Le grain torchon ne camoufle rien, au contraire, il peut accentuer des erreurs de dessin, notamment au niveau des courbes, les cavités du grain ont tendance à fausser les lignes. Pour une plus grande précision, préférer le grain fin.
En outre ce papier supporte difficilement un trempage long (au delà de 10 minutes, la gélatine s'en va), il convient donc mieux aux techniques sèches qui ne nécessitent pas de trempage envers/ endroit.
La présentation sur bloc est idéale car on ne détache pas les feuilles avant la fin du travail et le papier reste assez longtemps bien attaché aux quatre coins (à condition de ne pas mouiller trop abondamment ou plusieurs fois la feuille).


Après quatre ou cinq ans de pratique en cours avec l'Arches, j'ai viré ma cuti et j'ai opté pour un papier en cellulose.

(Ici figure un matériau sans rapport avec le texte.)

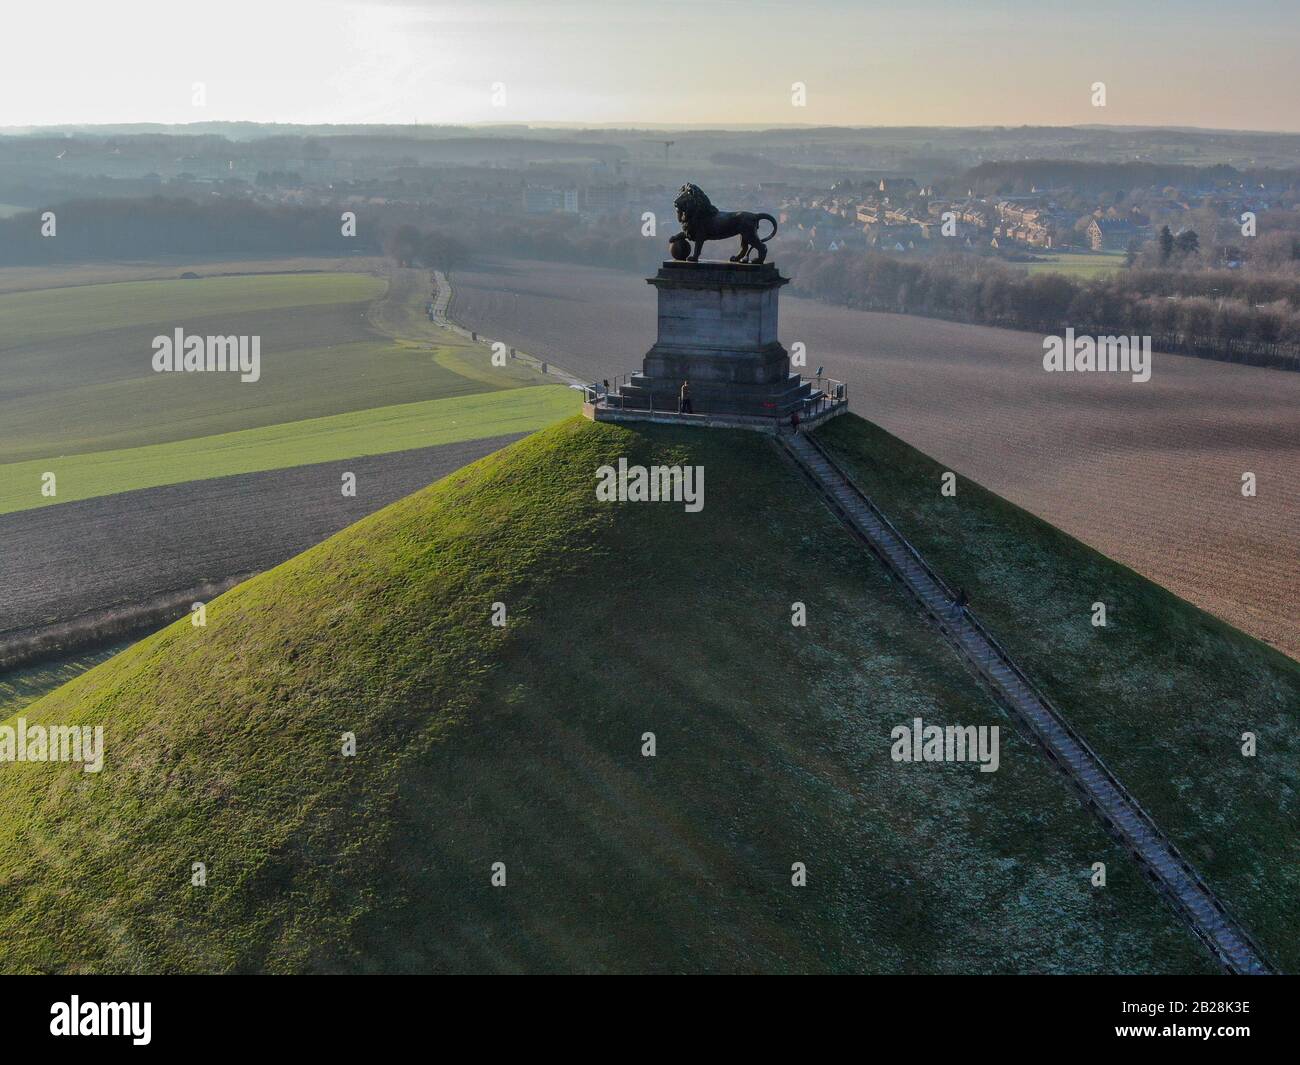 Luftbild des Lion's Mound mit Bauernland. Der riesige Butte Du Lion auf dem Schlachtfeld von Waterloo, auf dem Napoleon starb. Belgien. Stockfoto

On retrouve dans l'opposition qu'on fait souvent entre les deux grands types de papiers classiques (coton et cellulose) la même opposition qui peut parfois exister entre les tenants des techniques "sèches" et des techniques "humides".
Des grands artistes utilisent les papiers en cellulose, qui n'ont plus rien à envier en qualité aux papiers à base de coton. Reine Marie Pinchon et Ewa Karpinska (site en construction à ce jour indisponible) l'utilisaient lorsque j'ai suivi des cours ou des stages en leur docte compagnie ;)) 






Ce papier existe sous plusieurs présentations, et tout comme l'Arches, on le trouve en blocs, en feuilles et en rouleau. 

C'est un papier qui se tend très bien sur châssis nu. D'un blanc plus lumineux que l'Arches, en grain fin, il est idéal pour les trempages longs et répétés. Je l'utilise en 300 grammes. Il supporte très bien les retraits de couleurs: dépigmentations et repigmentations, c'est là son grand atout. 

Par rapport au papier Arches, il supportera donc moins bien les glacis successifs et saturera plus vite.
Si vous voulez faire des glacis sur ce type de papier, utilisez de préférence un pinceau à lavis très doux ou une martre. Bien laisser sécher entre chaque passage.

Mon avis :

Ce papier, moins onéreux que l'Arches, conviendra mieux aux personnes aimant les expérimentations en mouillé sur mouillé.Attention de bien marquer l'envers, les retraits y étant moins efficaces que sur l'endroit. Prévoir un châssis nu d'une taille légèrement inférieure au format de la feuille pour pouvoir agrafer le papier sur l'envers de celui-ci. Vous pourrez de ce fait remouiller facilement juste l'envers de façon à ne pas du tout perturber les couleurs déjà déposées sur l'endroit, même en cours de séchage.
Une autre façon de l'utiliser en mouillé sur mouillé est de le laisser se plaquer sans appuyer sur une plaque de plexiglas qui maintiendra longtemps l'humidité dessous et dessus, et permettra également de déplacer facilement le travail.
Prévoir une serviette éponge.


Le papier que j'utilise avec prédilection depuis maintenant quelques années est le Moulin du Coq, le Rouge. Papier cellulose, il présente un grammage légèrement supérieur au Montval. D'un rapport qualité prix assez imbattable, je le conseille en format bloc de 100 pages aux élèves.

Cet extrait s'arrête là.